See below for how to set these for some of the more popular e-mail systems. MIME encoding with Quoted Printable set can and should be left permanently set as they will not need to be changed for any other type of e-mail.
Once set up, you should send a test message to a friend at another site (or to me if you like) to ensure that the pound/euro sign and/or accented characters are being received correctly.
Contents
0. The problem
1. Settings for some e-mail systems
2. Western European character sets
3. MIME encoding
4. Other character sets
5. Character entry
6. Receiving e-mails
7. Source code of e-mails
8. Glossary
1. Settings for some e-mail systems
return to menu
Different versions of the same e-mail system may use slightly different settings to achieve the same result. The following settings (for PC systems) should be alright for recent versions (2002) (If not, please let me know). If someone will send me settings for Macs I will add them to the list.

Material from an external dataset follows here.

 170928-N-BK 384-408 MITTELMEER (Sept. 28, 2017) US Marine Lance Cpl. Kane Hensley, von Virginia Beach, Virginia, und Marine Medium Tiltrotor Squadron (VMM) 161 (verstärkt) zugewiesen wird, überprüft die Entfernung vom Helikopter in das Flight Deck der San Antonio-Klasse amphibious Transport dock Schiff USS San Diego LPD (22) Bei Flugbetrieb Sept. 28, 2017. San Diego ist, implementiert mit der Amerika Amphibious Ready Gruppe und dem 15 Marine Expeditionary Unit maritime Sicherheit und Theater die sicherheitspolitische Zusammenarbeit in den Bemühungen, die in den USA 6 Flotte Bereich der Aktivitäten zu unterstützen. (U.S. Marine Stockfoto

Don't forget, once set there is no need to change the MIME encoding with Quoted Printable setting again, even if you sometimes use HTML.
Eudora
For settings, click ..
- Tools menu
- Options
- Composing Mail
- then tick May Use Quoted-Printable.
You can also find Attachments in Options and then select Encoding Method to MIME.
Character set cannot be chosen. It is fixed for country of origin only. (Note that this does not in itself prevent sending characters from another character set, only that the recipient will have to assume the appropriate character set, which would probably be their own anyway.)
Netscape and Mozilla
For settings, click ..
- Edit menu
- Preferences
- then double click Mail & Newsgroups
- then click Messages or Composition
- then select Using the 'Quoted Printable' MIME Encoding
For Character Set selection, click ..
- View menu, and
- Character Set/Coding,
- then tick required Character Set.
When sending e-mails check that the correct character set is being used in the same way but using the View menu in the new message panel.
Opera
Does not appear possible to set Quoted Printable
(.. so could not even send pound sign, £)

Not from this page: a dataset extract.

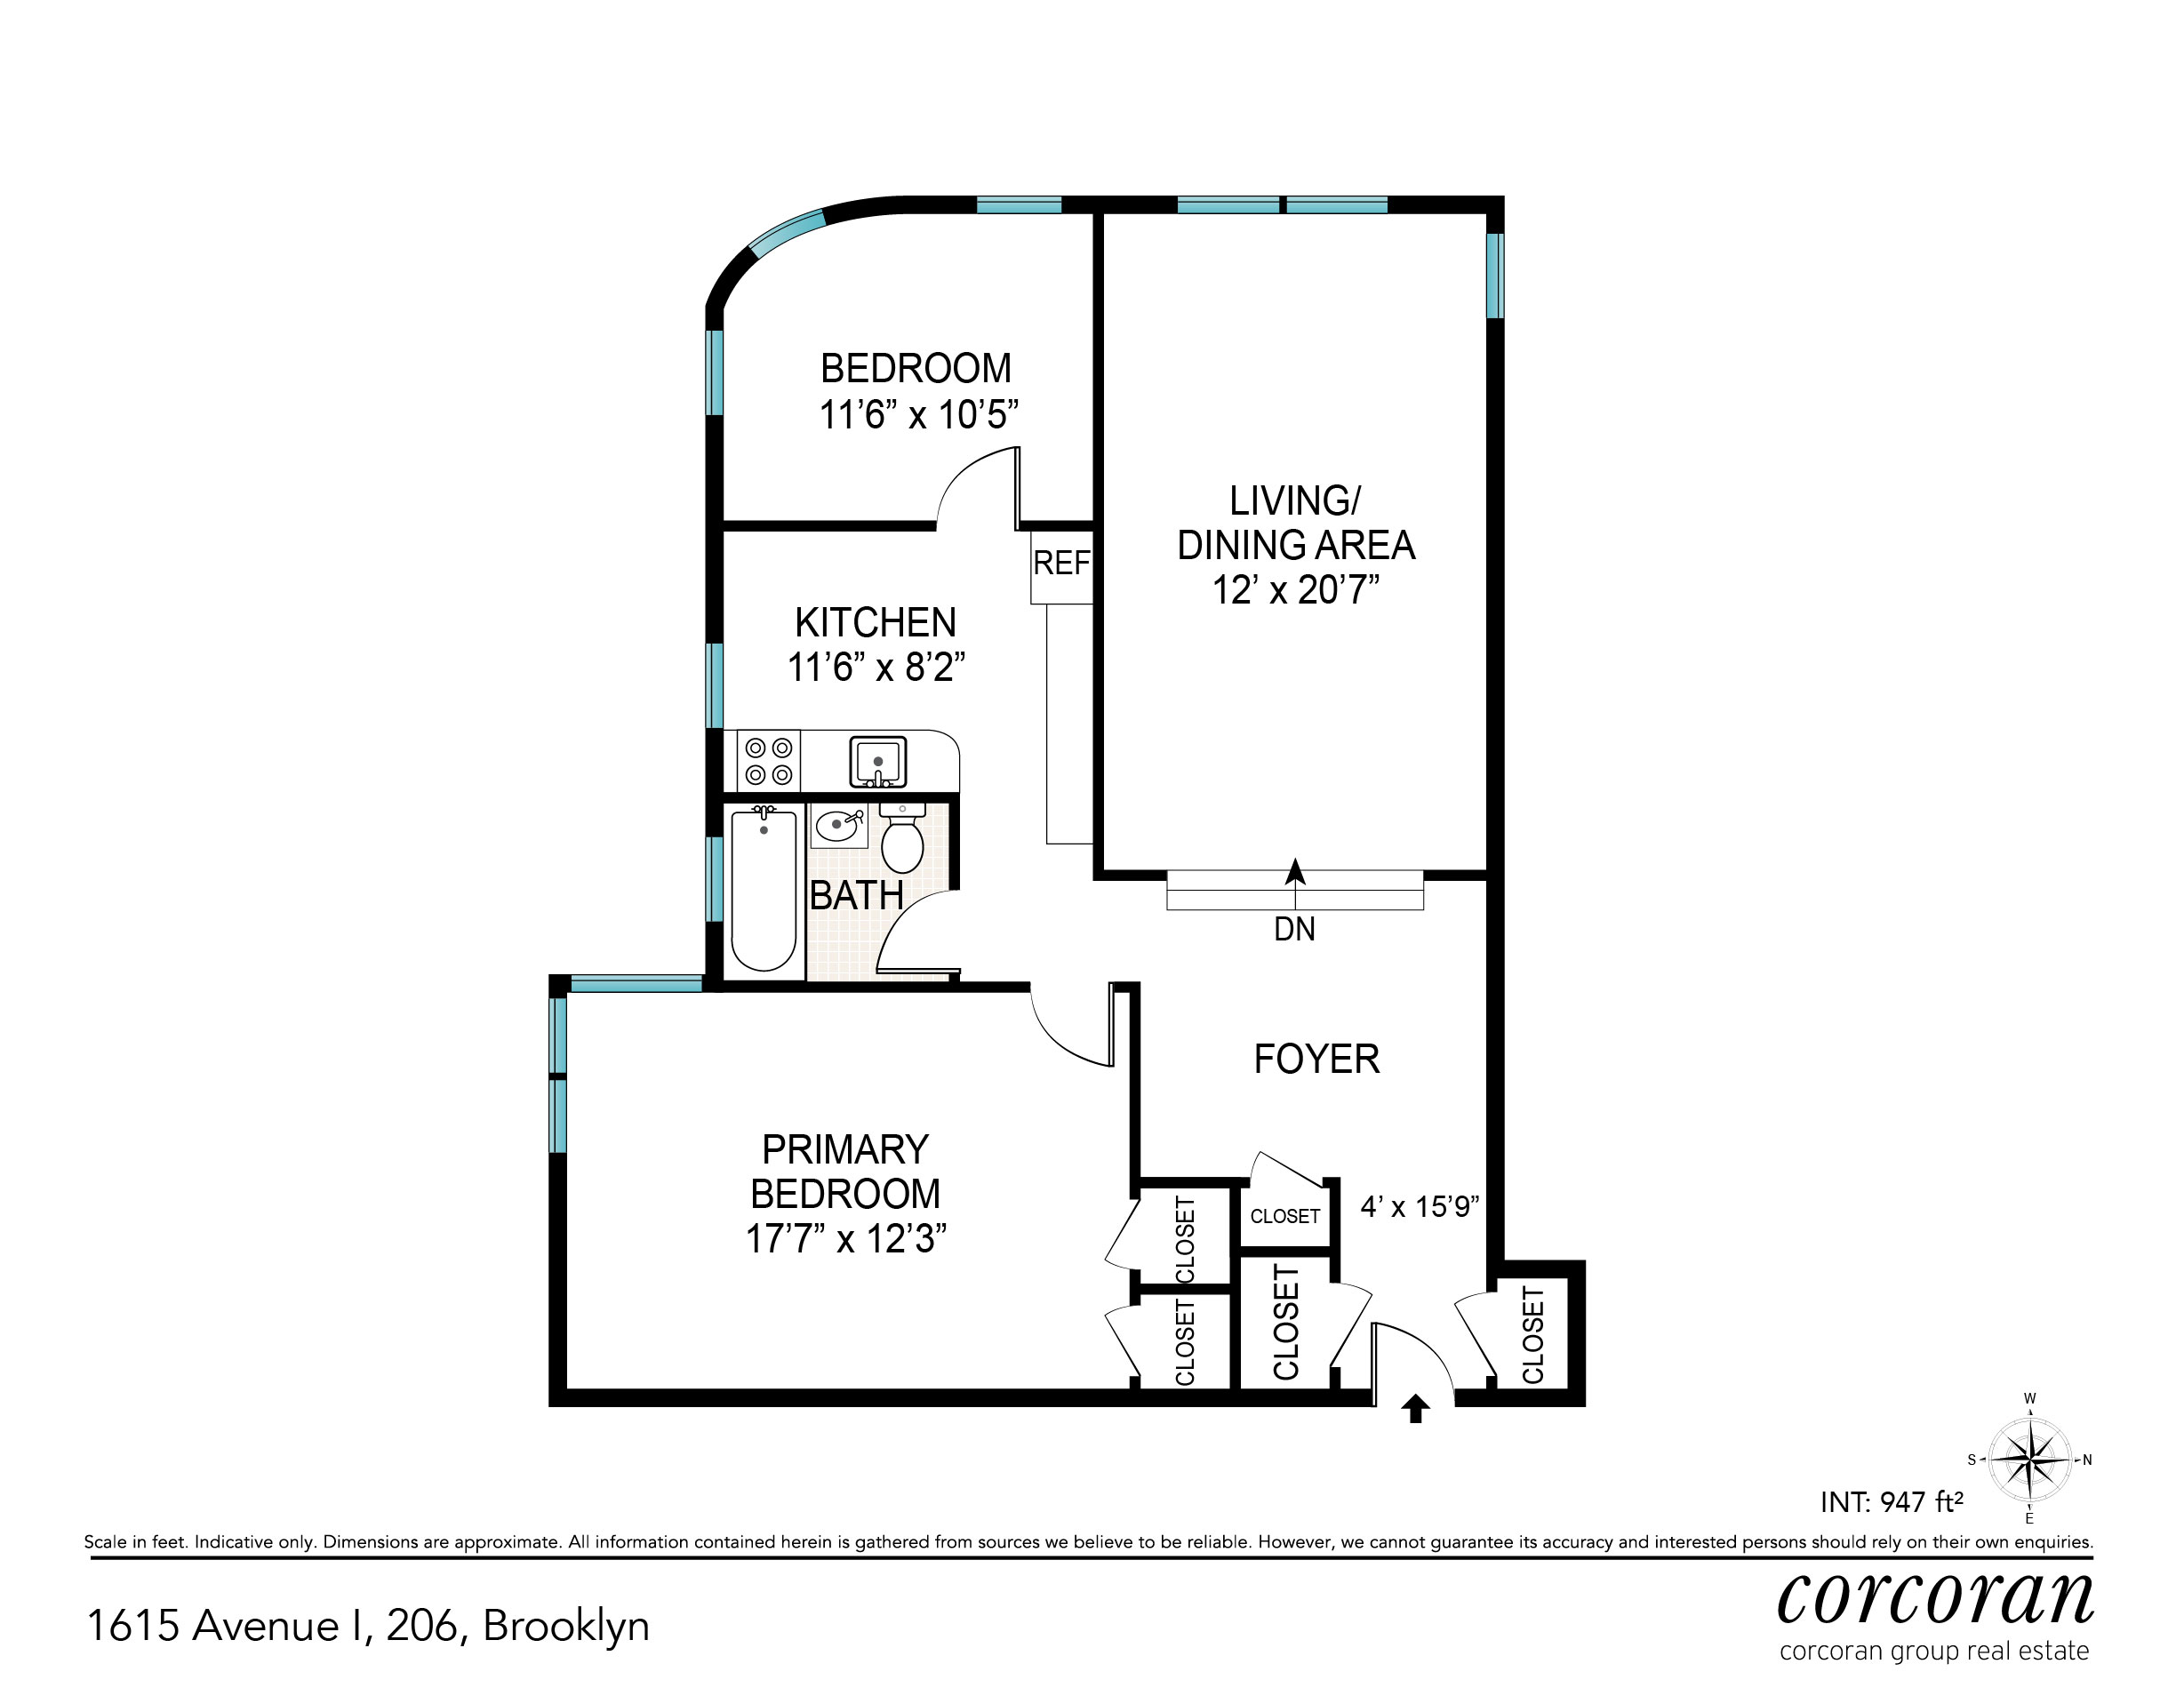 Floorplan for 1615 Ave I, 206

For Character Set selection, click ..
- click File menu
- Preferences
- E-mail
- and Properties.
- Then in E-mail account properties
select Outgoing tab
and select required character set in Font and encoding section.
Does not appear possible to select a character set for incoming messages.
Outlook Express
For settings, click ..
- Tools menu
- Options
- and click the Send tab
- and then under Mail Sending Format select Plain Text
- then click Plain Text Settings
- and select MIME and Quoted Printable
- Click OK and then Apply.
(If you also need to send HTML, set the corresponding HTML settings.)

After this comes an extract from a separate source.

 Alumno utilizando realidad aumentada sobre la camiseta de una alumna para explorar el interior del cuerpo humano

Under News Sending Format you may want to make the corresponding settings as for Plain Text (and HTML?).
For selection of your default Character Set for sending messages, click ..
- International Settings in the Send tab and
- then for Default Encoding
select required character set.
- For selection of your default Character Set for receiving messages,
click Fonts in the Read tab and
then select the required font settings and click Set as default.
- To select a different character set for reading a particular message, click ..
- View menu
- Encoding
- then select the appropriate character set
or for sending a new message click the Format menu on the New Message window
- then click Encoding and select the required character set.
Pegasus
For settings, click ..
- Click Tools menu, and Options,
- click Advanced settings and note default MIME character set, probably ISO-8859-1,
- click Messages and Replies and select Use MIME features on,
- click Sending mail and deselect Allow 8-bit MIME message encoding.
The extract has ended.